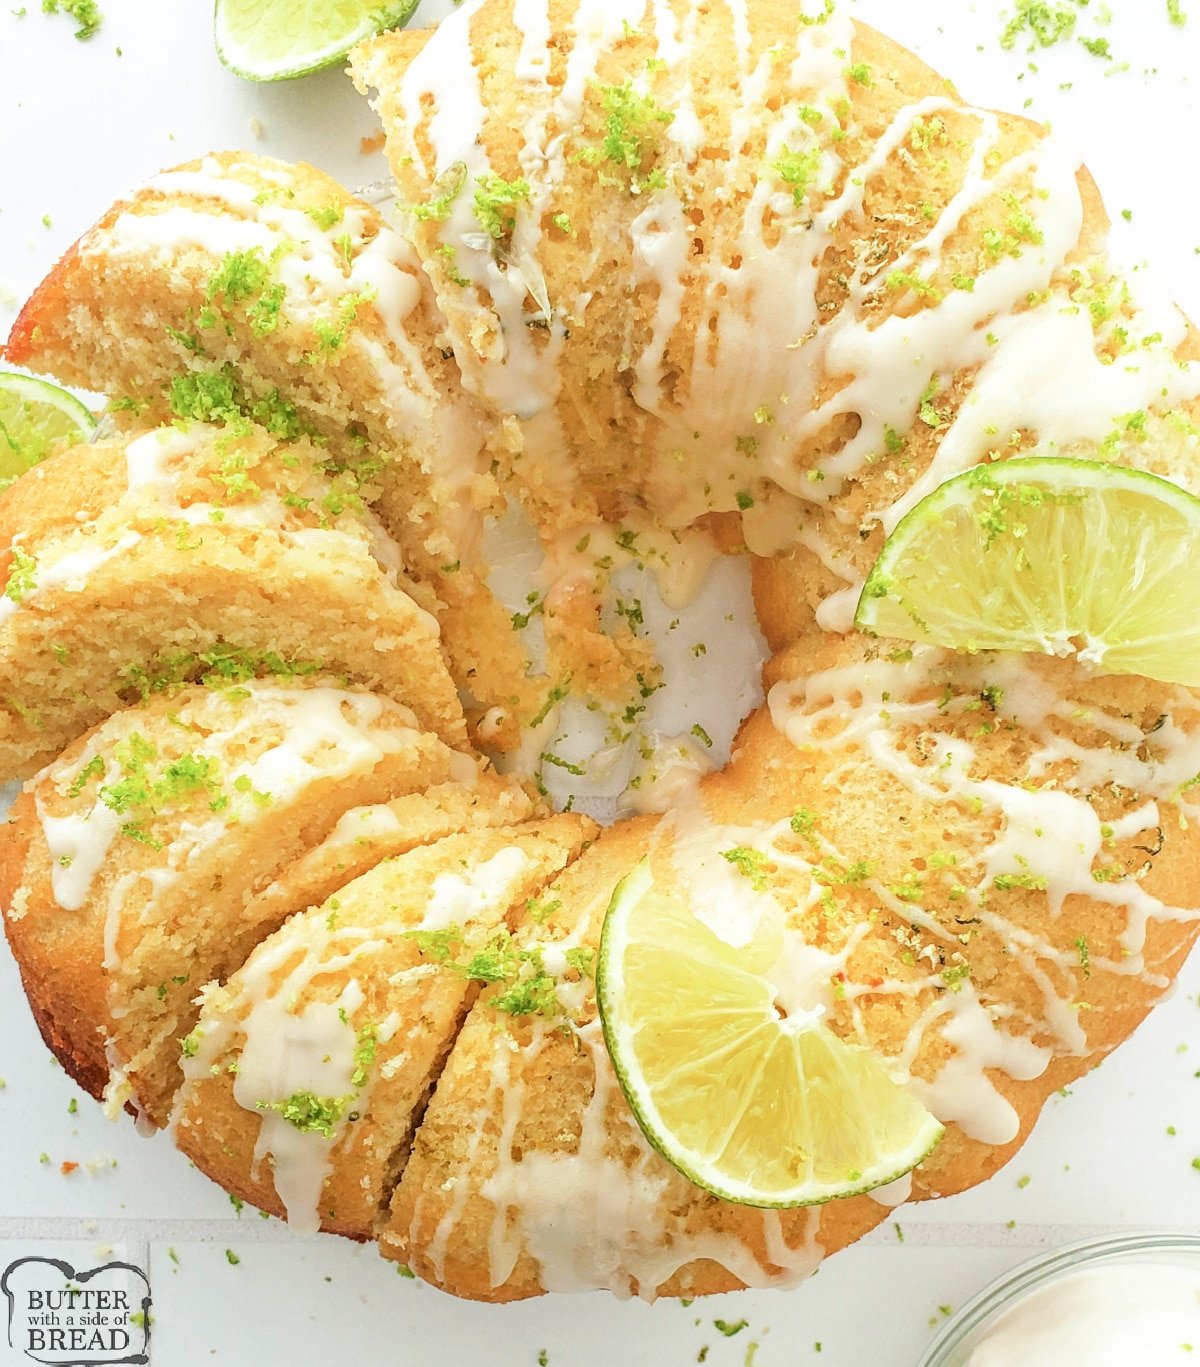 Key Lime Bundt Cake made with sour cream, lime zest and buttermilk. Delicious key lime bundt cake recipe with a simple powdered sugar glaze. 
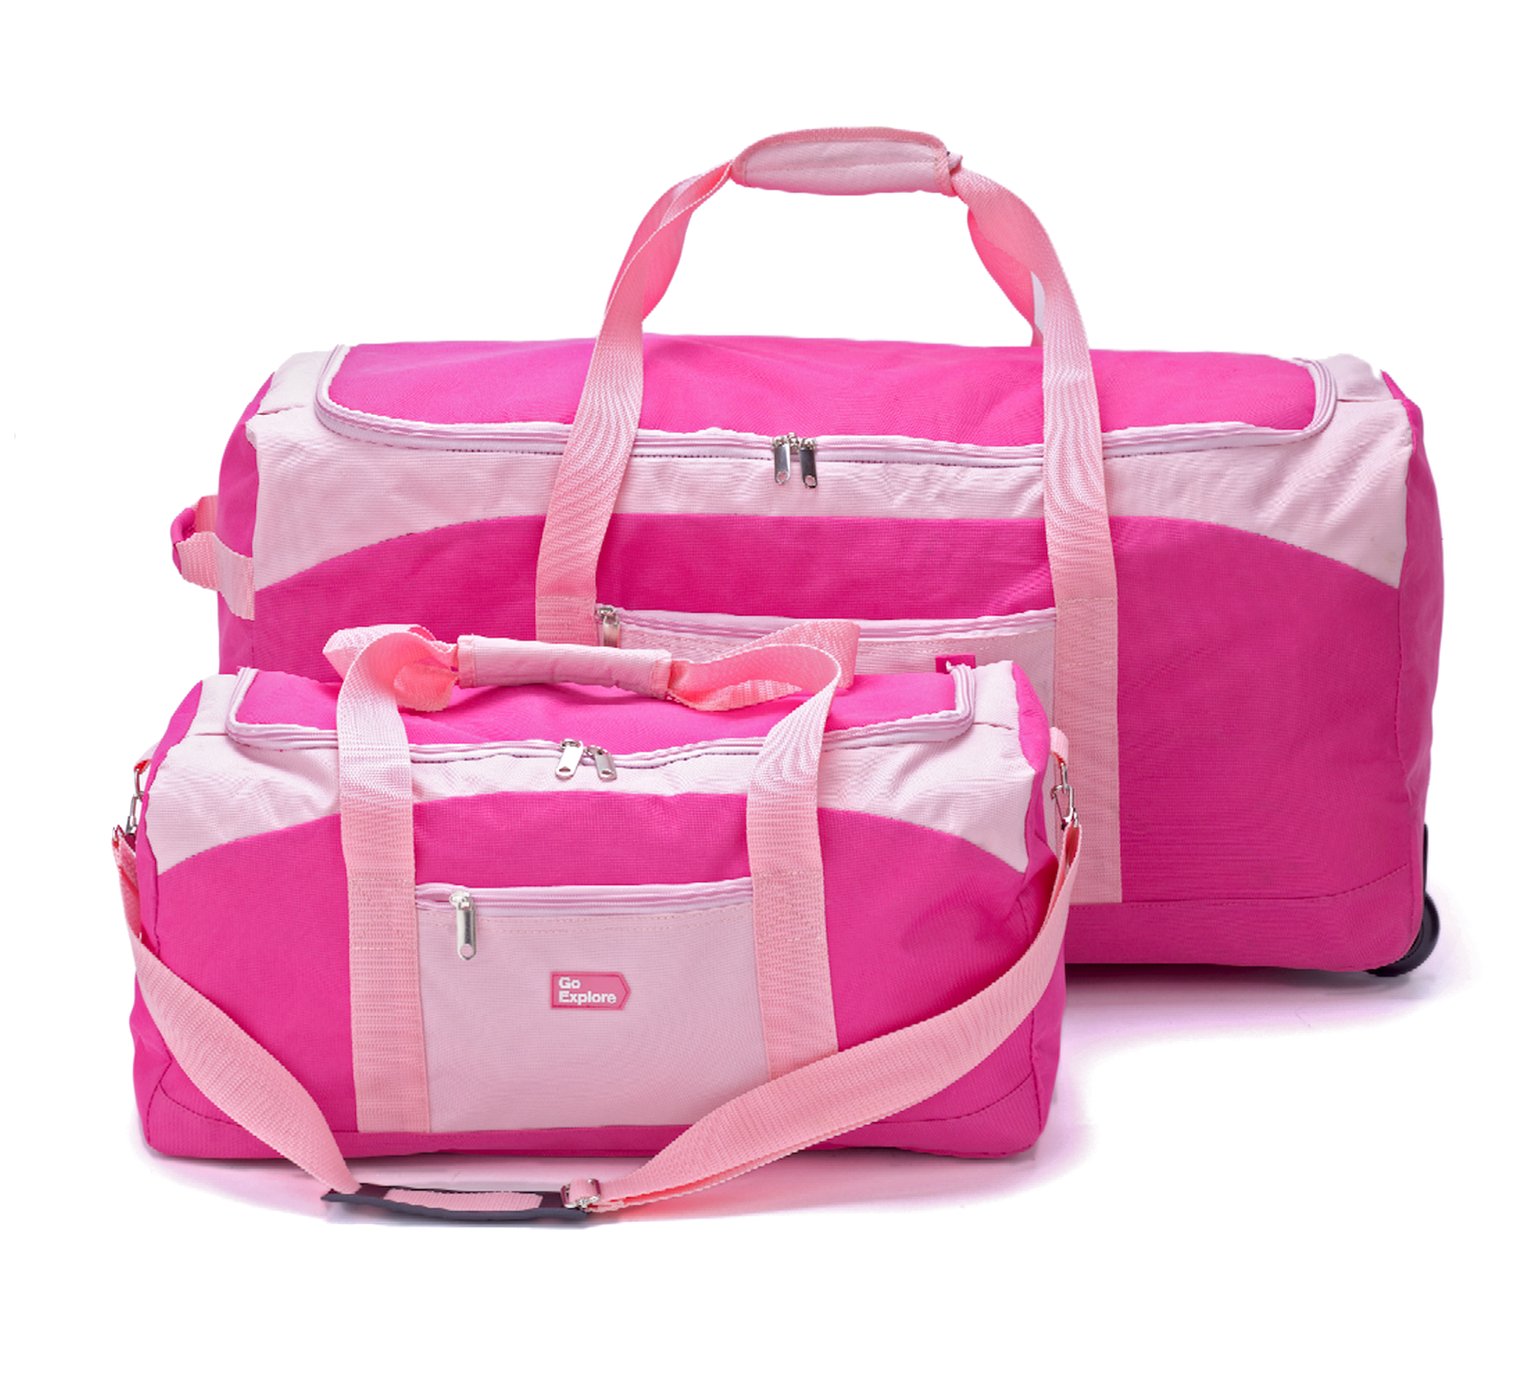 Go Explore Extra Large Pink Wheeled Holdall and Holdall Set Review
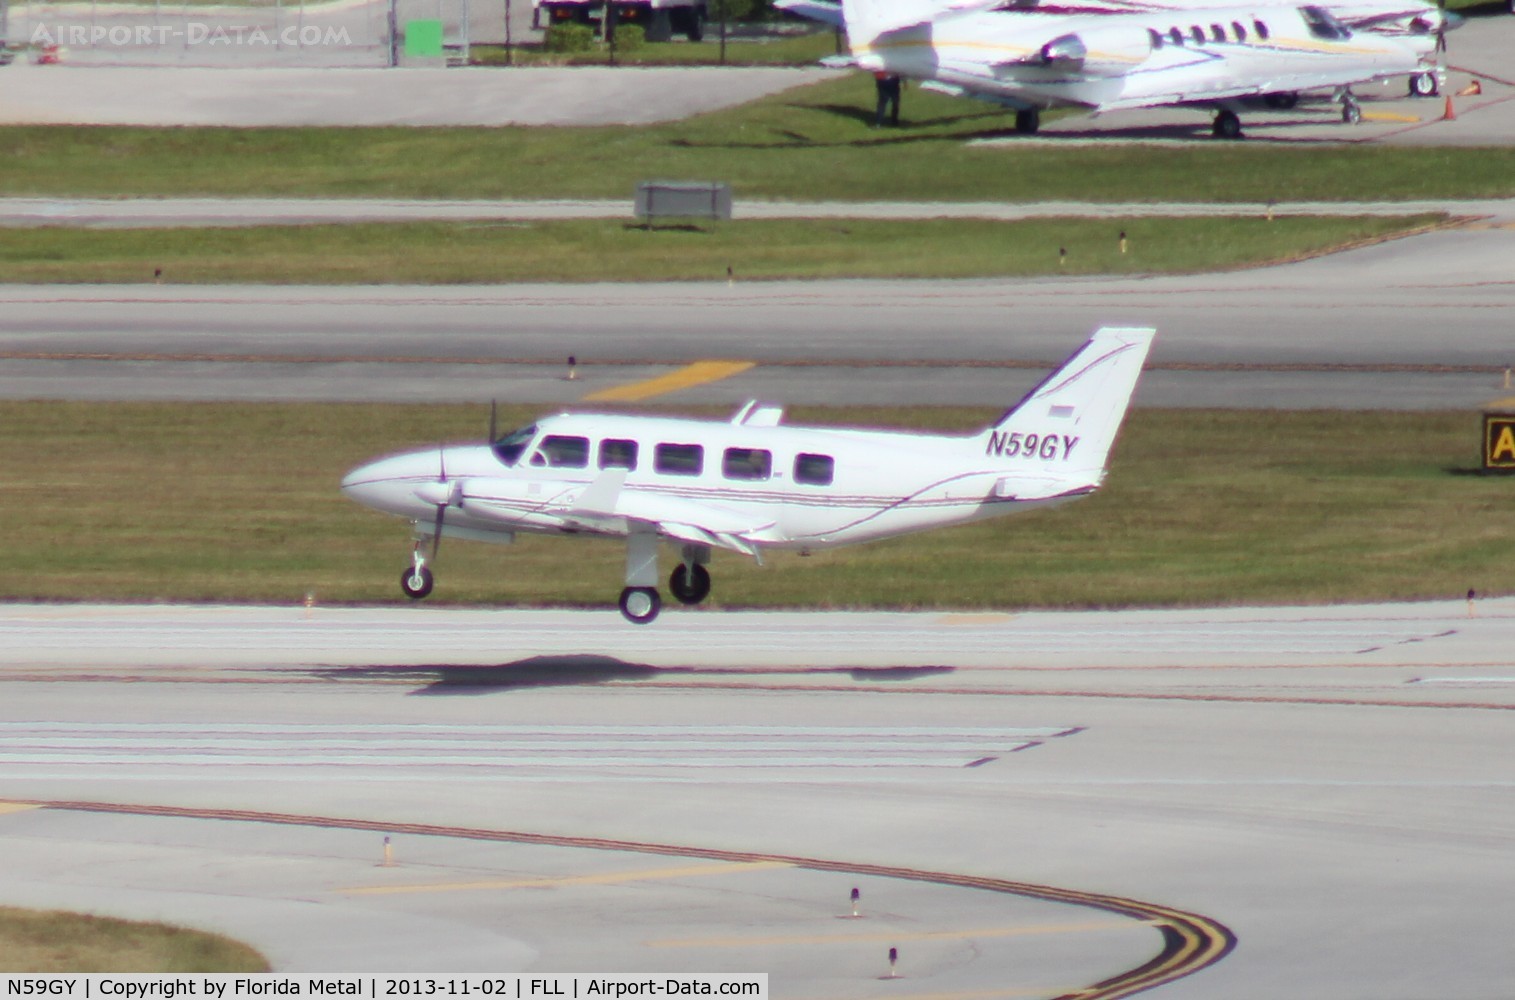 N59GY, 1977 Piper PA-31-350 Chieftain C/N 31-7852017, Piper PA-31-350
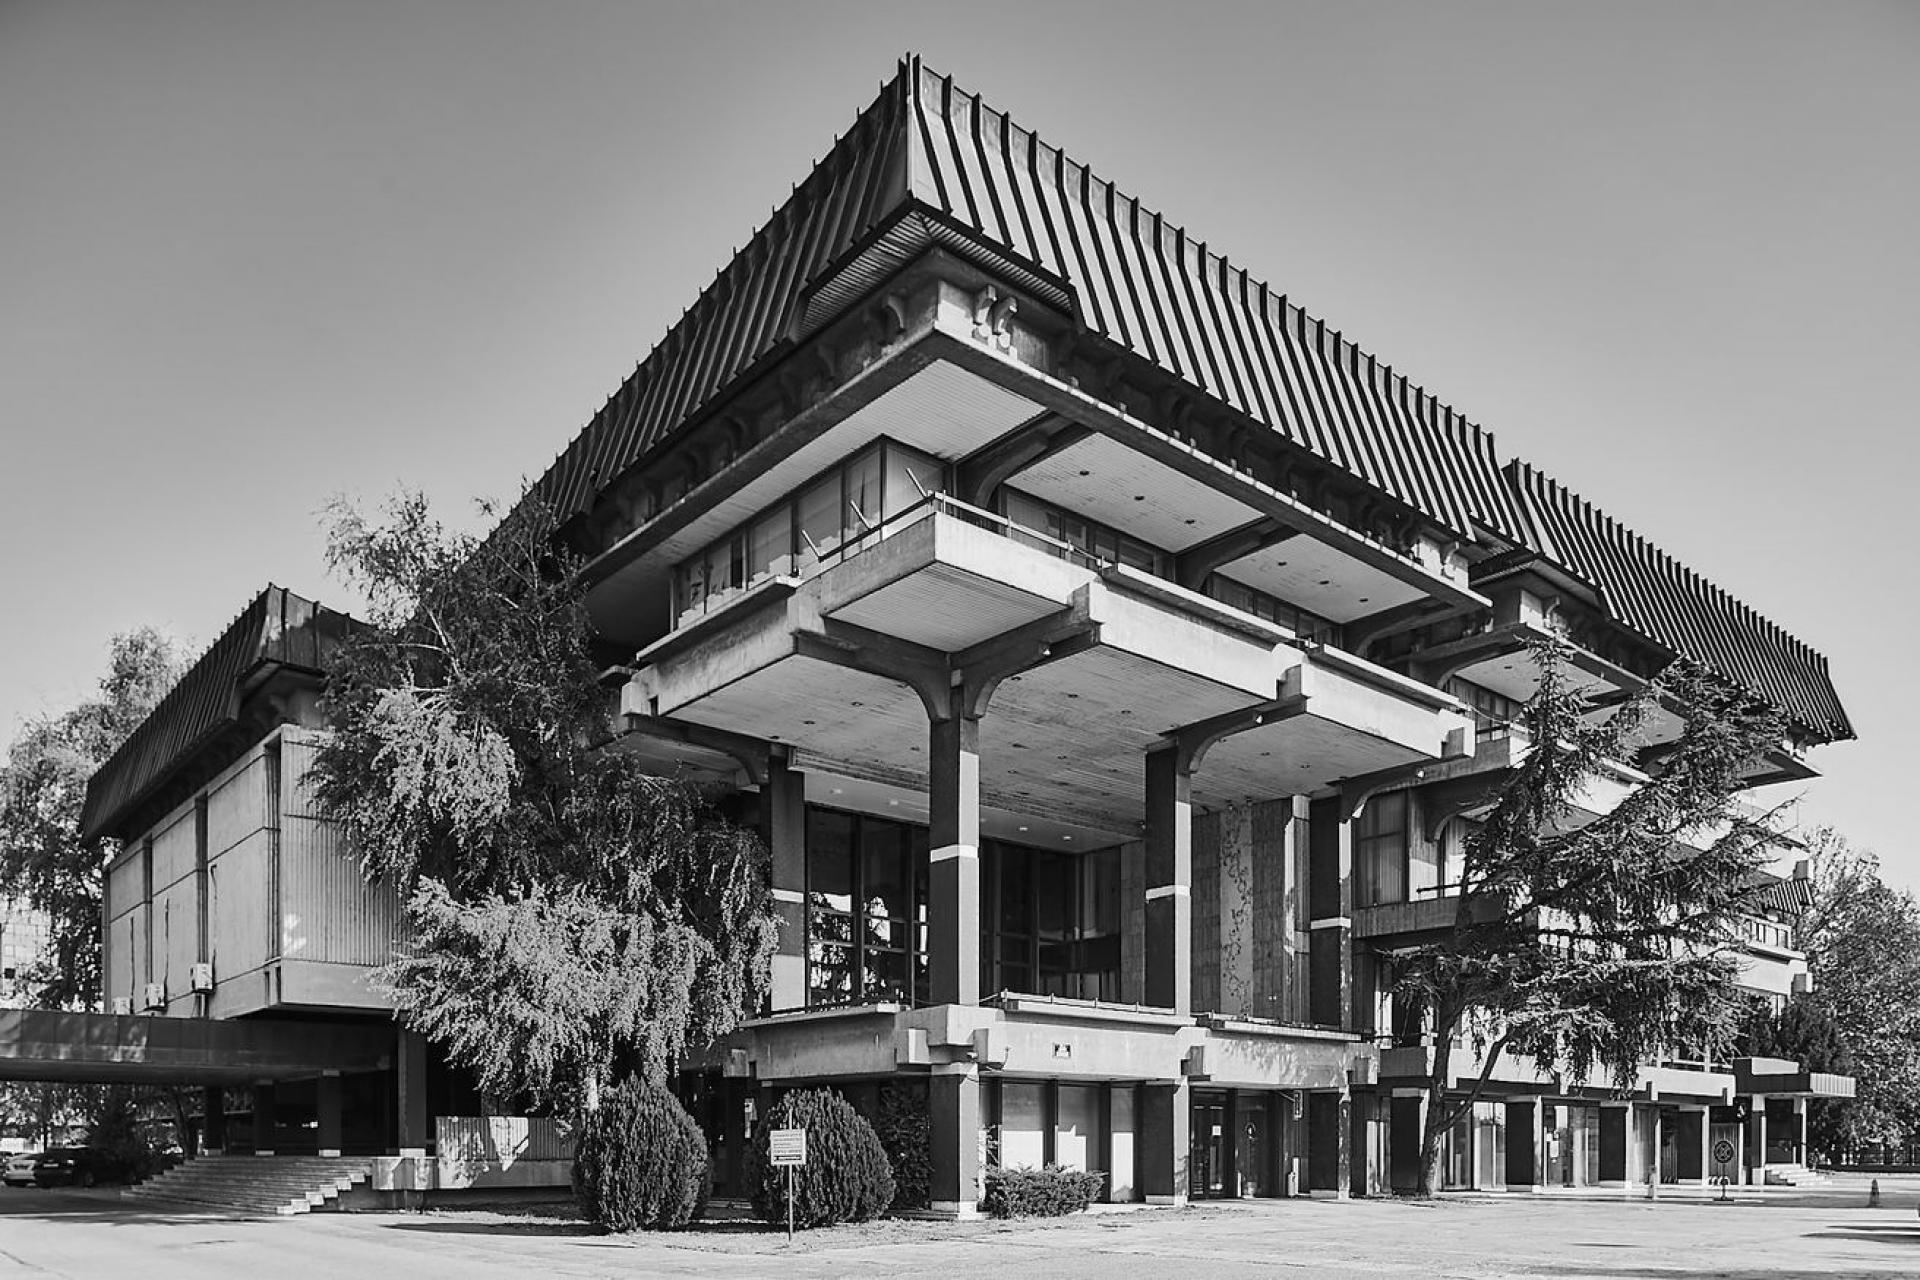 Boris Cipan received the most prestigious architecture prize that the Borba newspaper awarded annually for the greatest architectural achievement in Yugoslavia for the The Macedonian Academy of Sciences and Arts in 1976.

### To do
Here the job is to print all the data exactly, skipping any image.

### Answer to the exercise
 Key Lime Bundt Cake made with sour cream, lime zest and buttermilk. Delicious key lime bundt cake recipe with a simple powdered sugar glaze. 
 Go Explore Extra Large Pink Wheeled Holdall and Holdall Set Review
 N59GY, 1977 Piper PA-31-350 Chieftain C/N 31-7852017, Piper PA-31-350
 Boris Cipan received the most prestigious architecture prize that the Borba newspaper awarded annually for the greatest architectural achievement in Yugoslavia for the The Macedonian Academy of Sciences and Arts in 1976.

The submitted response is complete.